KVGL
- Manderson, Wyoming; United States;
- Frequency: 105.7 MHz
- Branding: 105.7 The Eagle

Programming
- Format: Classic hits

Ownership
- Owner: Legend Communications of Wyoming, LLC
- Sister stations: KWOR; KKLX; KZMQ; KZMQ-FM; KTAG; KCGL; KODI;

History
- First air date: 2011
- Former call signs: KGCL (2006–2008); KYTS (2008–2018);
- Former frequencies: 105.1 MHz (2006–2010); 102.1 MHz (4/2010–6/2010);

Technical information
- Licensing authority: FCC
- Facility ID: 165979
- Class: C1
- ERP: 75,000 watts
- HAAT: 150 meters (490 ft)
- Transmitter coordinates: 44°3′34″N 107°51′13″W﻿ / ﻿44.05944°N 107.85361°W

Links
- Public license information: Public file; LMS;
- Webcast: Listen live
- Website: mybighornbasin.com/kvgl-fm/

= KVGL =

KVGL (105.7 FM) is a radio station licensed to cover Manderson, Wyoming, United States. The station is owned by Legend Communications of Wyoming, LLC.

==History==
The station was assigned the call letters KGCL on July 20, 2006. On June 10, 2008, the station changed its call sign to KYTS.

The station was issued its license to cover on October 19, 2011. On November 19, 2014, it was announced that the station would be acquired by Legend Communications, sold by former owner Global News Consultants for $262,000, along with sister station KHRW 92.7 FM from Ranchester, Wyoming. The purchase was consummated on February 9, 2015.

The station changed its call sign to the current KVGL on May 15, 2018. It began simulcasting KCGL.

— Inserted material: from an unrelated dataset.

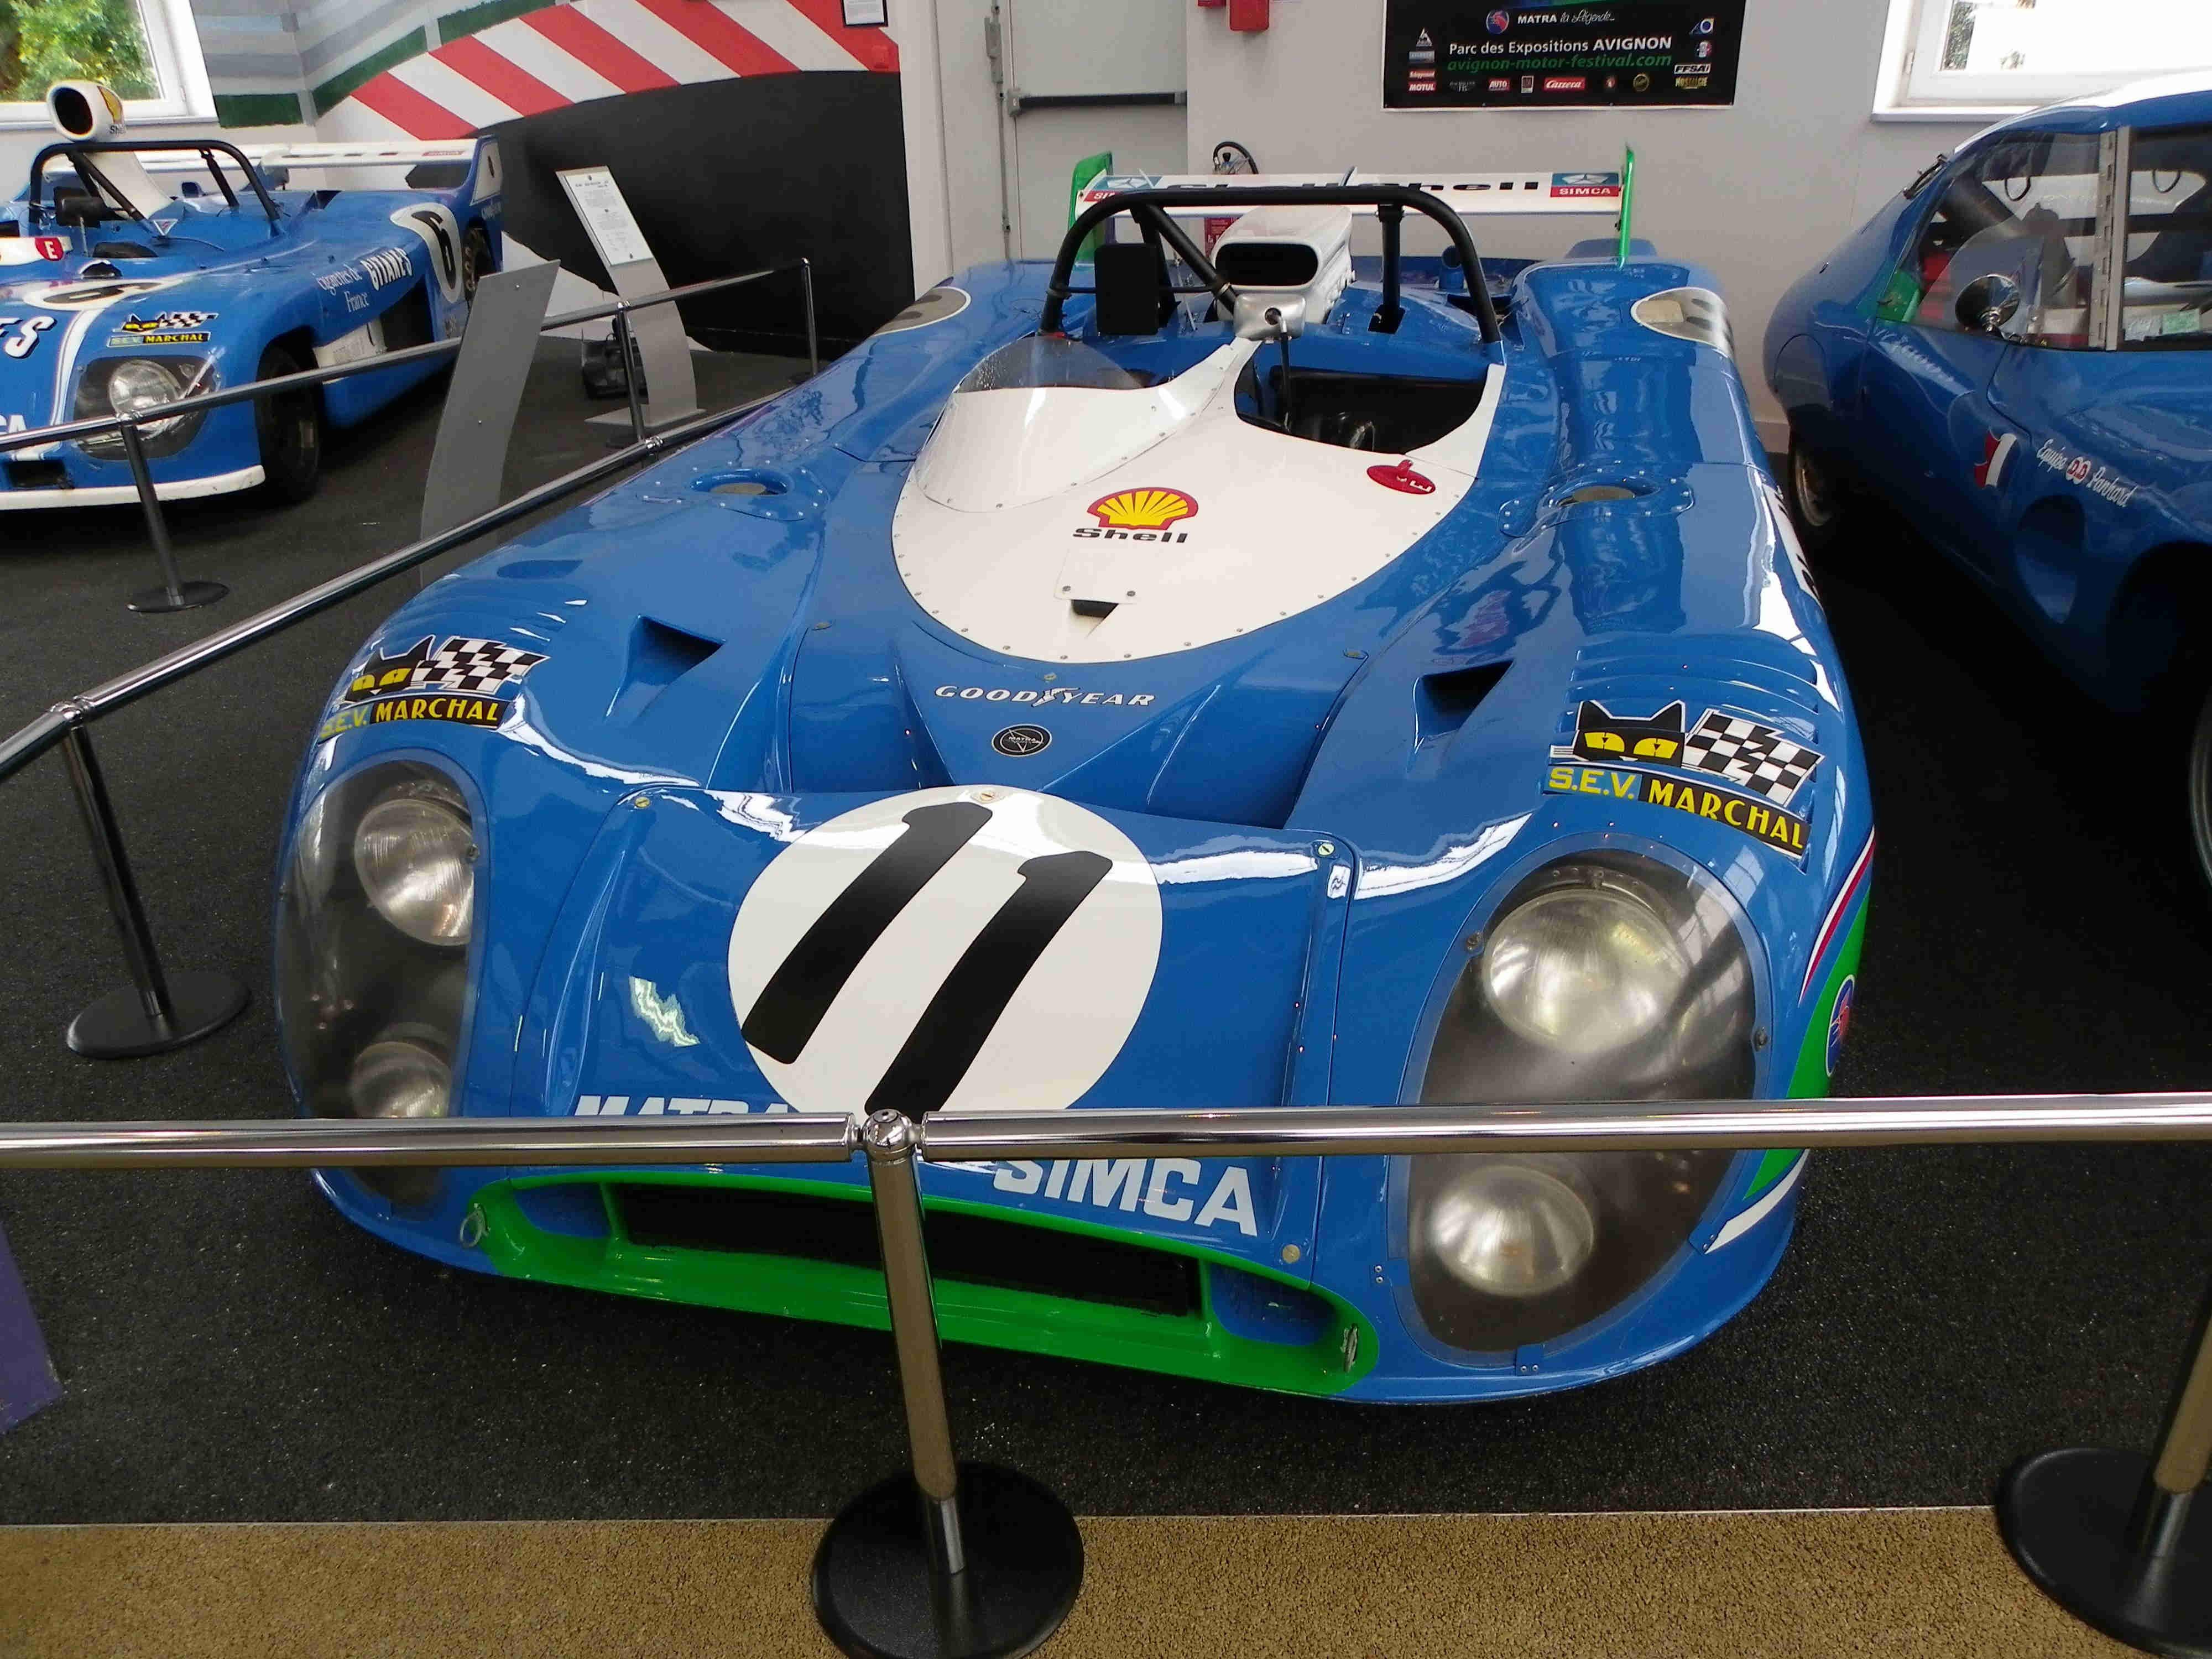 Mastra MS670 (24 heures du Mans 1972)

KVGL is owned by Legend Communications of Wyoming, LLC, which is the state's largest chain of radio stations. The station is managed under the company's regional umbrella, the Big Horn Radio Network. Legend Communications operates over 20 stations and three FM translators across Wyoming communities including Cody, Worland, Sheridan, and Gillette.

The company was co-founded by W. Lawrence "Larry" Patrick, a media industry veteran with a long career spanning five decades, including roles as a broadcaster, consultant, and media broker. Patrick holds a Ph.D. degree in communications and management and a J.D. degree in law and has been involved in over $8 billion worth of media transactions throughout his career.